One Way To Dramatically Improve Your Work
Mere moments ago, before I started to type this I went through the two videos I recorded on my camera and deleted them.
I then muttered:
“This is shit. You can do better.”
Admittedly the work that I did before was alright. I feel I conveyed my message nicely. There was a proper flow and structure to it too.
It covers my overall standards for producing content and delivering it to you all.
There’s nothing at all particularly wrong with it except for one thing:
I didn’t feel like it was top notch. I didn’t push myself to produce something better for you guys.
Sometimes You Need To Tell Yourself You Suck
It’s not like me to participate in negative self-talk. I’ve said before that it can hamper someone’s mindset if we really dig deep into ourselves.
But one thing that I’ve been figuring out lately is that sometimes you need to admit to yourself that you suck at handling specific situations in your life. Whether that’s a skill that you have or a situation in your life.
What’s important though is for you to deal with that problem. And it’s where admitting that you suck at something can really help.
I know I’m not the greatest at videos.
I stutter, stammer, and when I’m recording I have hundreds of cool video ideas that run through my head.
Honestly, I don’t know how to deal with it.
So in the end when I force myself to focus and make a video, you get what I call a mediocre video.
The same goes for my writing.
But by admitting all of those things, I feel that I’m improving in some way.
Yesterday I went back to my last published article and made some changes. I formatted it and changed the title and made it flow better.
That’s not to say it performed any better, but it still is a change.
Up to this point, I’ve never gone back and re-edited content. Repurposed pieces from a few years ago yes, but never re-edit recent posts.
Today I’ll be recording those videos again with more focus and more structure. I have a better idea for what I want to say and when to say it.
This is much like the mistakes that we make. We come back with more knowledge and understanding.
So why don’t we expedite the process and admit right now that we could do better and that our work is shit?
The Act Of A Do-Over
When we get ourselves out there we gain experience and knowledge. This is always the case even when it’s something that we’ve done thousands of times before.

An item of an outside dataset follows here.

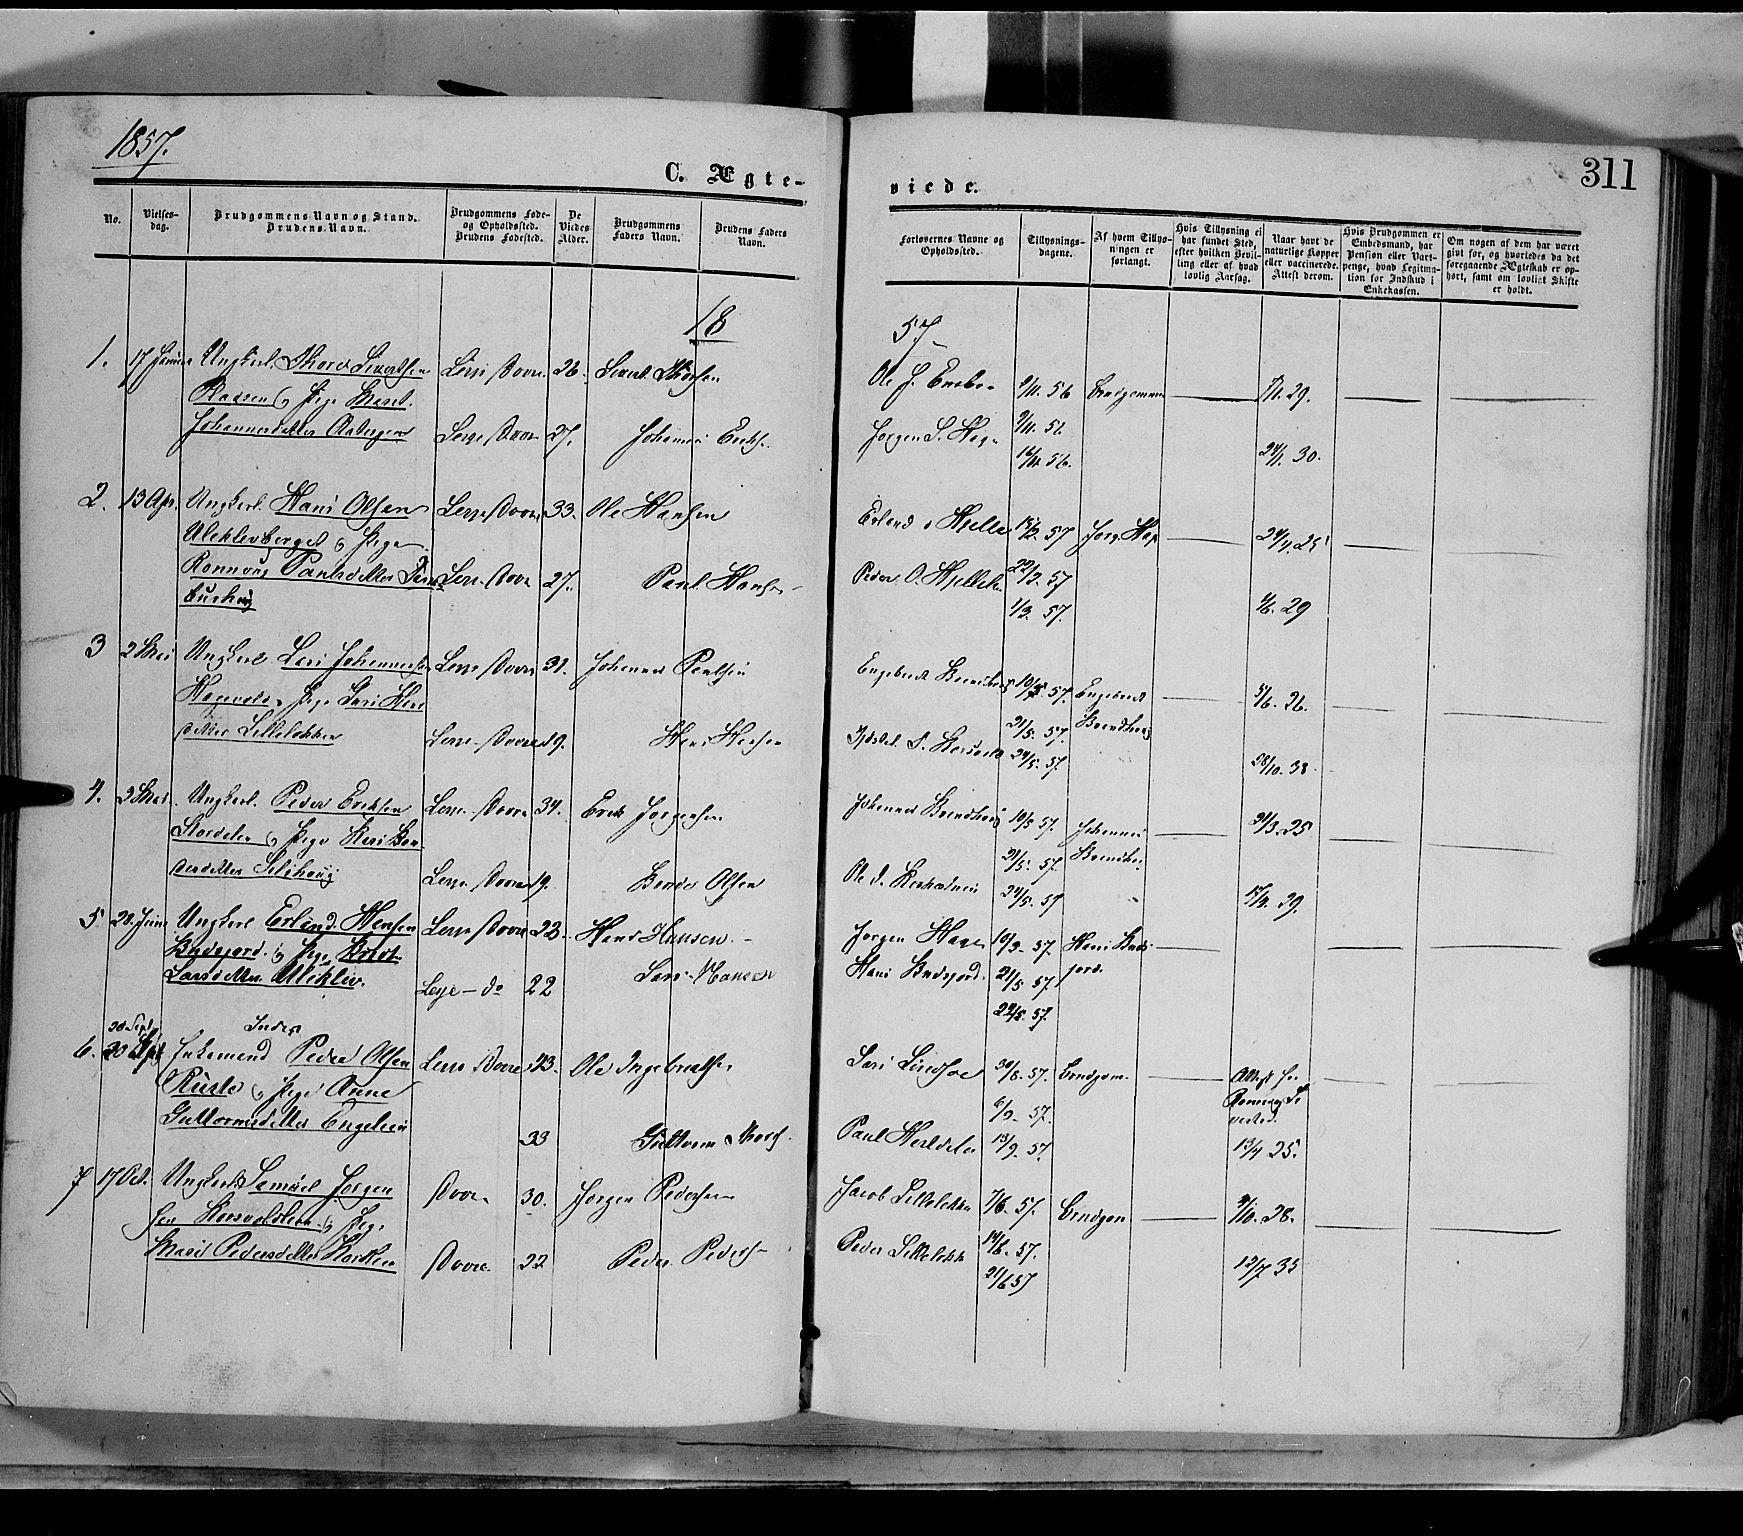 SAH, Dovre prestekontor, Ministerialbok nr. 1, 1854-1878, s. 311

We may not learn new things every time, but that knowledge and experience continues to grow.
I see the act of doing a do-over powerful because you’re going back to the same thing that you’ve done before.
Sure you may have written articles before.
But have you written about this topic before?
Have you presented the idea in this fashion before?
Of course, not everything has the opportunity to be taken back. Sometimes you have deadlines you have to meet and starting back from scratch will put you back weeks or months.
But why not do it for the smaller tasks?
Like publishing an article or recording a video?
In film, sometimes a scene is done several times over with very little breaks in between those shots.
In the end, we get to see some truly amazing scenes in most situations because of the actors and actresses are thinking about what they could do better next time.
Not to mention they have more experience with that scene too.
Starting something back over may be heart-wrenching at first, but by admitting to yourself that the work before is shitty it can make the process easier. You can move on and ask yourself the more important questions.
What can I do to improve?
With this experience how should I apply this improvement?
It felt like a switch was turned on and I started to look at the work differently.
And isn’t that how we should all be growing?